A collection of 276 rice germplasms was selected from the 3K-RG project for the LTG test. Rice accessions in this study were from 17 different regions worldwide (Fig. S1, Table S2). Previous studies have applied different temperatures ranging from 12 °C to 15 °C to estimate LTG (Borjas, De Leon & Subudhi, 2015; Fujino et al., 2008; Li et al., 2013; Wang et al., 2011). Given the effect of secondary dormancy induced in 12 °C (Miura & Araki, 1996), 15 °C was applied to evaluate LTG in this study. Germination was defined as the seed shoot or root exceeding 0.1 cm from the seed coat (Fig. 1A), and the evaluation of LTG was based on the germination rate from D6 to D10. The average germination rate on 2019D6 was lower (3.5%) than that (13.6%) on 2020D6 (Fig. 1B, Table 1), suggesting that environmental factors have an impact on the phenotype of LTG. Furthermore, the total number of germinated accessions was too small to draw any general conclusions (Fig. S2). The average germination rates were 22% and 31% on 2019D7 and 2020D7, respectively (Fig. 1B, Table S3). On 2019D7, a total of 129 rice accessions had a germination rate that exceeded 10% while on 2020D7 this number rose to 161 (Fig. 1C). From D8 to D10 in both years, the average germination rate almost reached or exceeded 40% (Fig. 1B, Table 1). The investigation of germination rate gaps between two adjacent days indicated that the gap between D6 and D7 in both years was the largest at 18.5% in 2019 and 17.4% in 2020, respectively (Table 1). In contrast, the smallest germination gap in 2019 was 13.8% between D8 and D9, while in 2020, the gap between D9 and D10 was the smallest (10.3%) (Table 1). On D10 of both years, all rice accessions had a relatively high germination rate ranging from 64.7% to 69.4%. Overall, the distribution of germination rate followed similar trends in both years although the germination rate of D6 and D7 in 2020 was higher than that in 2019 (Fig. 1B, Table 1).

Figure 1

Description of LTG.

(A) Variations of low temperature germination in D7. Bar = 200 μm. (B) Germination rate from D6 to D10 for two different years. (C) Germination rate distribution on D7 in 2019 and 2020.

Table 1

Description of germination rate in full population.

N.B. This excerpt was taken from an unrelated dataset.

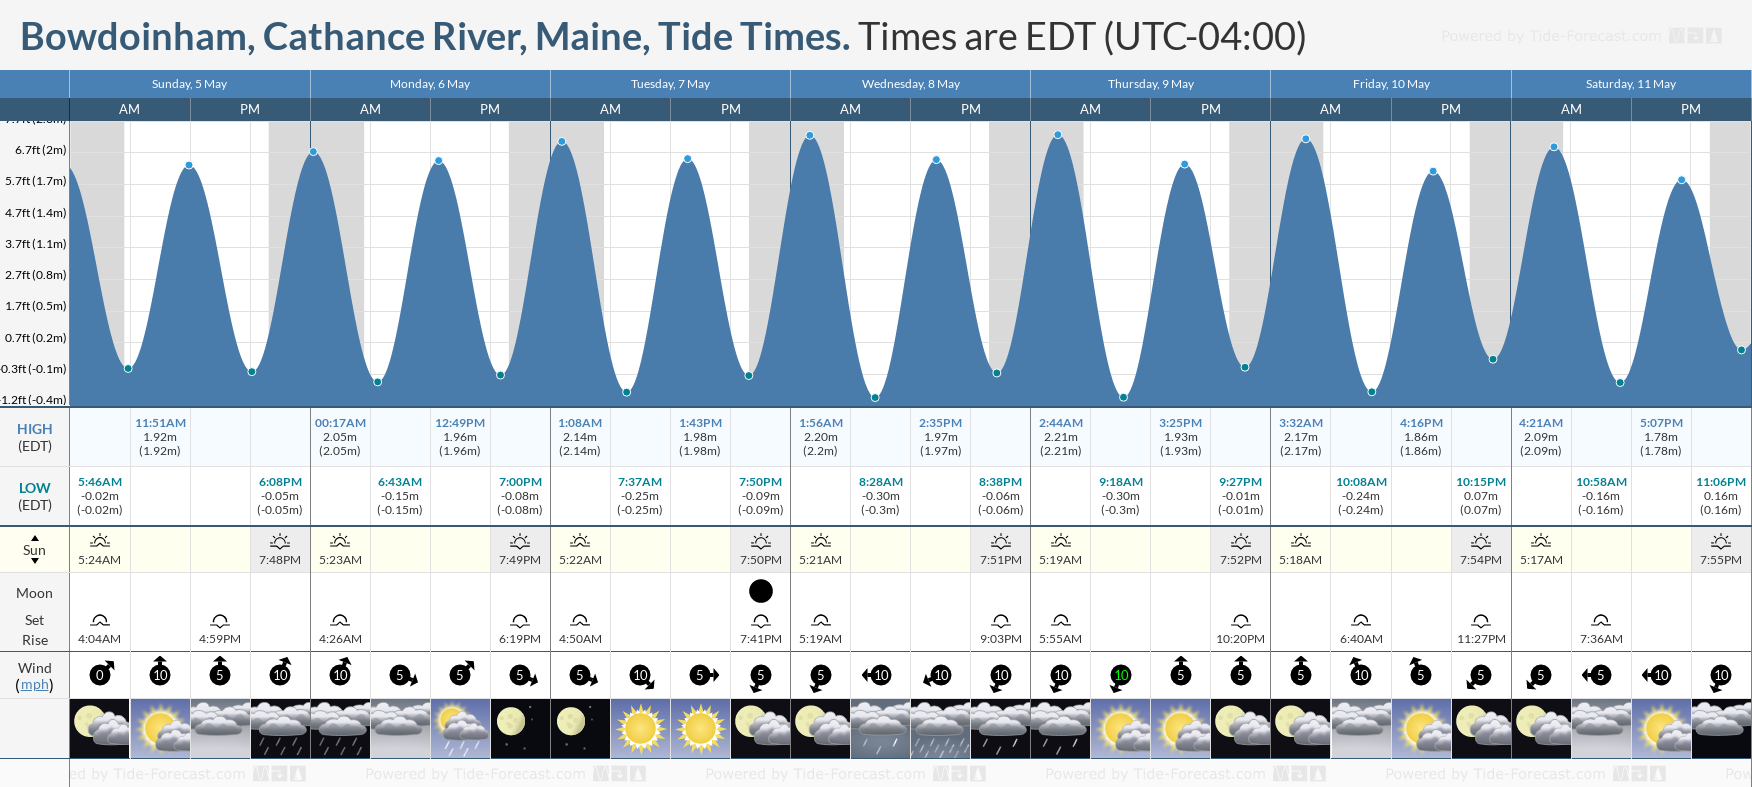 Bowdoinham, Cathance River, Maine Tide Chart including high and low tide tide times for the next 7 days

Days	Germination rate in 2019			Germination rate in 2020
	Range	Mean ± SD	Median	Range	Mean ± SD	Median
D6	0–0.75	0.035 ± 0.100	0	0–1	0.136 ± 0.204	0.04
D7	0–0.99	0.220 ± 0.265	0.1	0–1	0.310 ± 0.285	0.24
D8	0–1	0.399 ± 0.315	0.405	0–1	0.429 ± 0.302	0.39
D9	0–1	0.537 ± 0.311	0.59	0–1	0.544 ± 0.286	0.56
D10	0–1	0.694 ± 0.258	0.77	0.01–1	0.647 ± 0.259	0.71

SNP density analysis

The original version of the 3K-RG database contained 32 million SNPs in total. Through filtering, a total of 497,231 SNPs were detected. After the classification of SNPs, the density of SNPs in all 12 chromosomes were between 1,033.3/1 Mb and 1,648.94/1 Mb (Fig. S3, Table S4). This indicated that the filtered SNPs in this study were sufficient and distributed evenly in 12 chromosomes.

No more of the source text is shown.